К лесу подъехал на машине. В голове роились догадки, обрывки информации сплетались в единую нить. Наташа, которая была домоседкой и вдруг полюбила лес. Странный рисунок с оскалившимся волком, которым она так дорожила. Художественной ценности – ноль, но Наталья носилась с ним как с оригиналом Айвазовского. Алена, которая еще в подростковом возрасте отдалила родителей и гордилась независимостью, но в последние месяцы ни с того ни с сего сблизилась с мамой. Повсюду за Натальей ходила. И несколько раз они к ночи уходили куда-то – мол, мы к знакомым чайку попить, а потом возвращались на рассвете, и он замечал на их ботинках засохшую хвою и прилипший мох. Аленино лицо, когда ей сообщили о смерти матери. Ни удивления, ни тоски – спокойное принятие. Он тогда подумал, что это защитная реакция. А теперь вспоминал – а ведь дочь как будто бы заранее знала. Как будто бы Наташа была кем-то приговорена, и дочь была посвящена в тонкости этой истории и считала ее справедливой. Прекратившиеся телефонные звонки. Раньше дочери постоянно звонили друзья, но несколько месяцев назад как отрезало – телефон в их доме замолчал. Ни один из этих фактов по отдельности не значил ровным счетом ничего, но вместе они связывались в какую-то страшную картину. Семенов уже начал подумывать о секте, в которую затянули его семью, – и как впоследствии выяснилось, оказался не так далек от истины.

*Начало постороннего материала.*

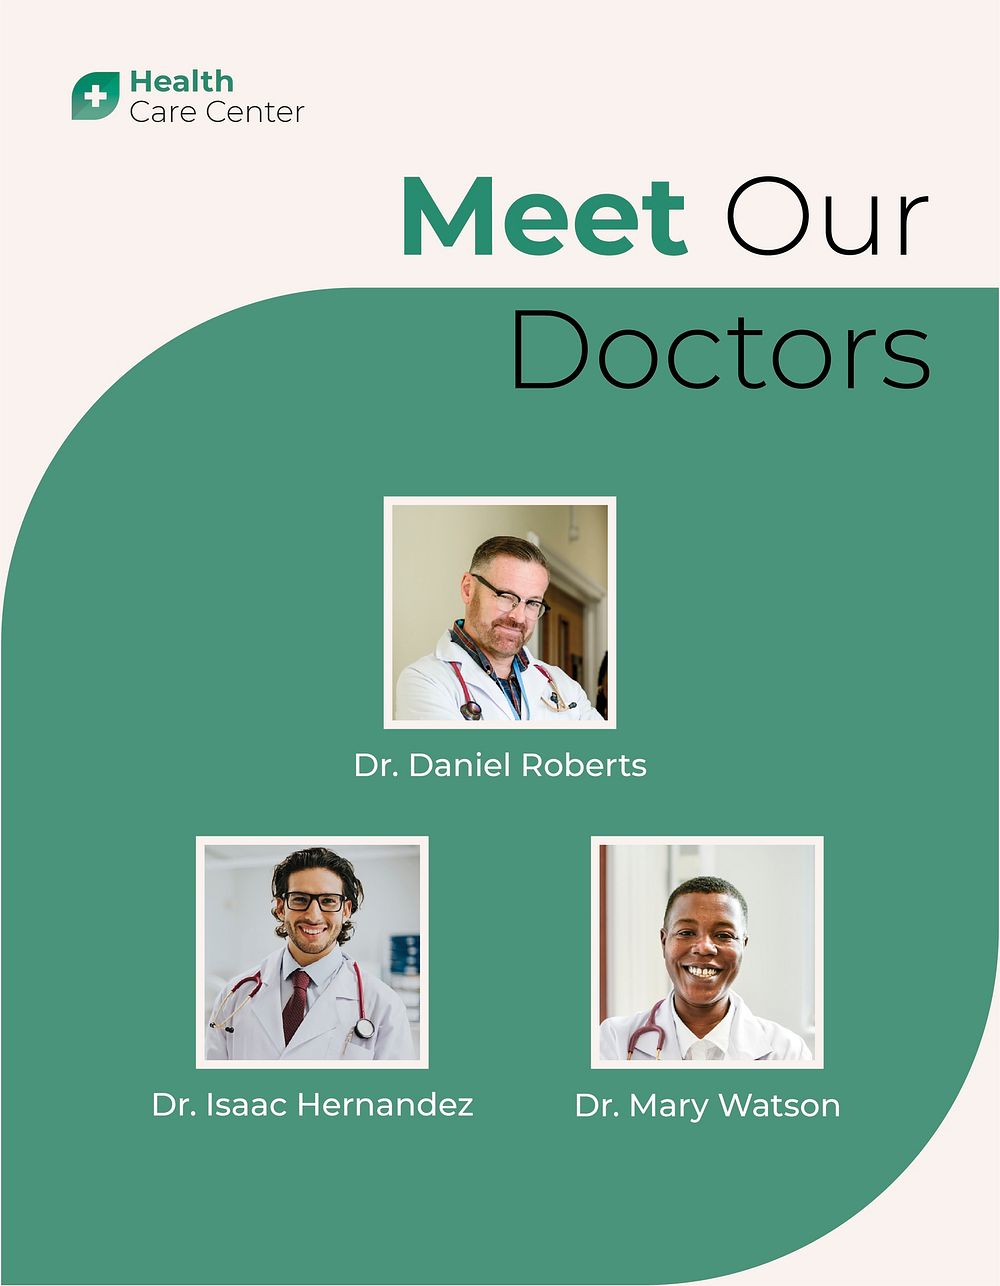 Meet our doctors flyer template, healthcare services vector

Алена нашлась на том же месте, где и бросила ее соседка. В тех же самых кустах. Девушка стояла на четвереньках, взглядом уткнувшись в размытую ночным дождем землю под ногами. Вся ее одежда была в грязи и тине, волосы свалялись, и она издавала какие-то странные звуки – не то хриплое дыхание, не то тихий рык. Почуяла, как Семенов подошел, вскинула голову и повела носом, как собака. Но атаковать не стала – может быть, смутил родной запах отца, а может быть, просто была слишком вымотана – кто знает, что ей пришлось пережить минувшей ночью. На ее губах была запекшаяся кровь.